Tuesday, July 18, 2017

Rocky Horror Picture Show (movie review)

I've seen very little mention of the geodesic dome, featured as a part of the spooky castle above, where Rocky Horror Picture Show was originally filmed.  Much could be made of this link to another counter-cultural icon, from a domain of sexual mores breaking out of their bounding box, thanks to ETs.

The point was to visit Clinton Street Theater where teens, mas o meno, have been doing the audience participatory version of this cult film for some twenty odd years, starting midnight on Saturdays.  The torch gets passed, one generation to the next.

Getting picked as a cast member means knowing the right people, in addition to exhibiting some talent to entertain. Participating in a RHPS is something of a rite of passage.

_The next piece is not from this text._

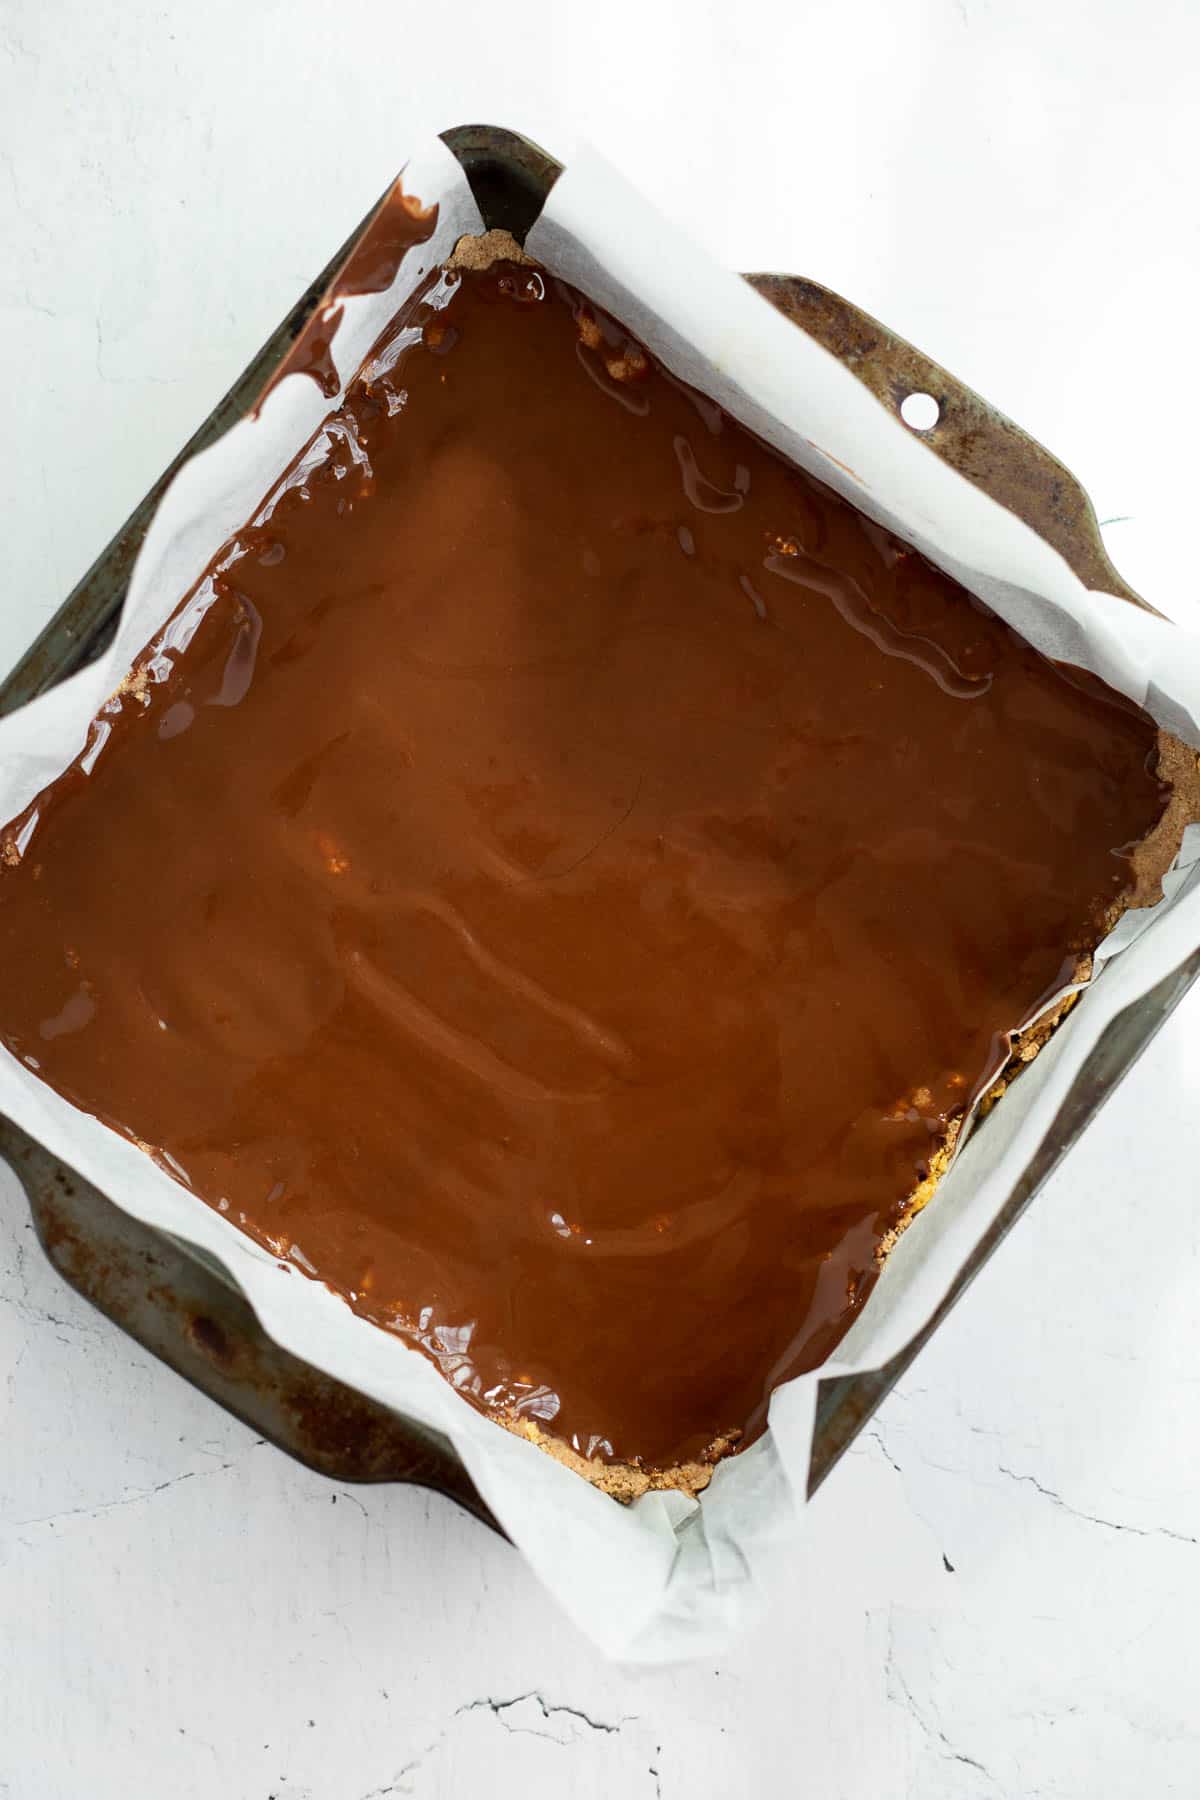 melted chocolate spread on energy bars in baking dish.
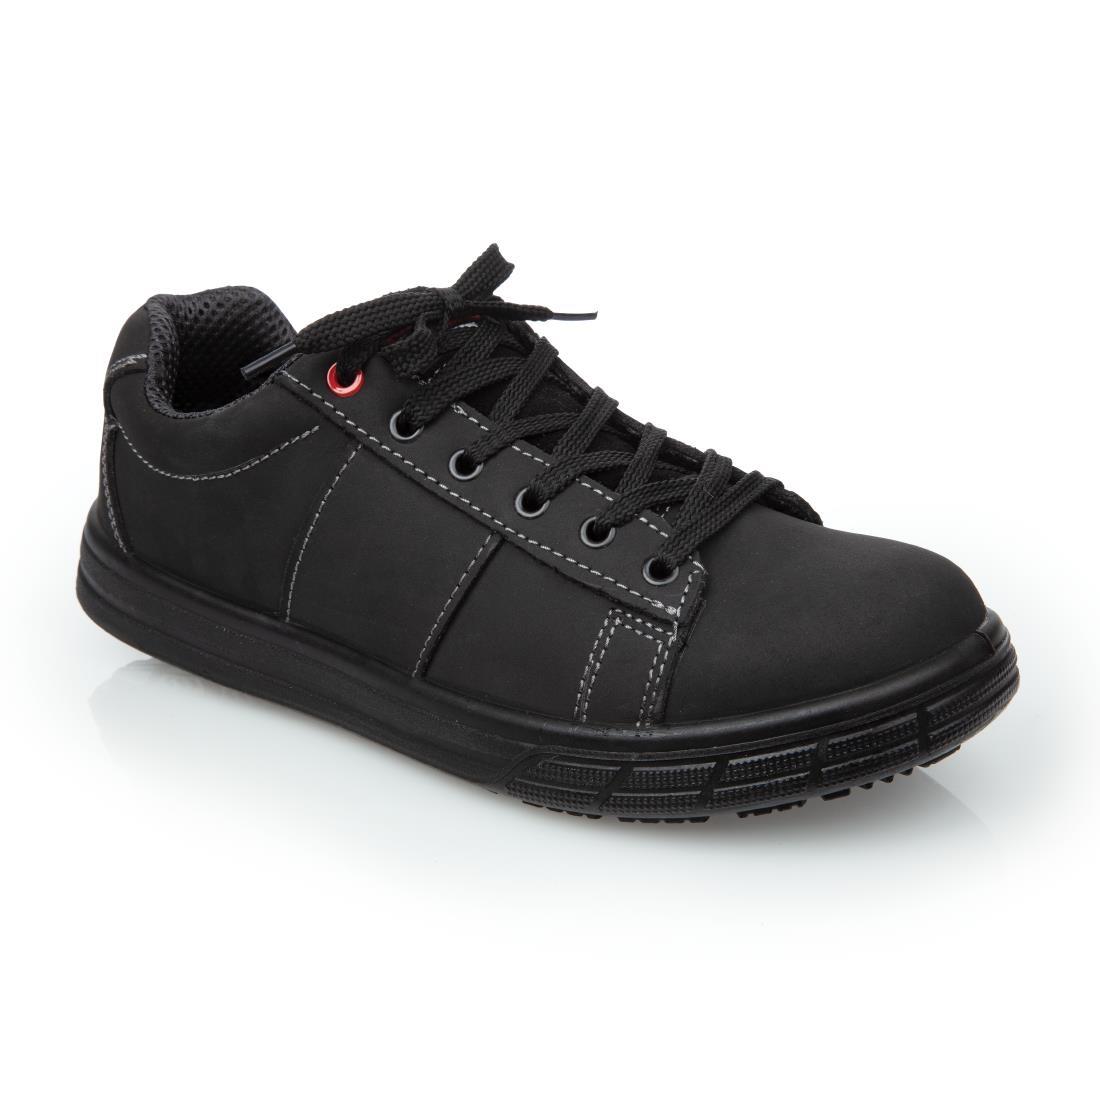 Slipbuster Safety Trainers Black 43 - BB420-43  - 1

I went with a professor of gender studies and international development who'd never seen the film, turned off by the word "horror", a genre she doesn't enjoy.  The raucousness of the audience overwhelmed the soundtrack and she came away with a garbled version of the plot, but that's easily rectifiable with later study.

I like pointing out that Tim Curry has a later role in the movie Kinsey, where I plays an ironically prudish professor. One of the best ways to study a culture is by delving in to its sex ed, but then don't make the mistake of thinking education == academia.  All media have an educational role.

My first induction into this cult came way back in my Princeton years, in the late 1970s, much closer to the time when this film, originally a stage play in England, where that castle is, first came out.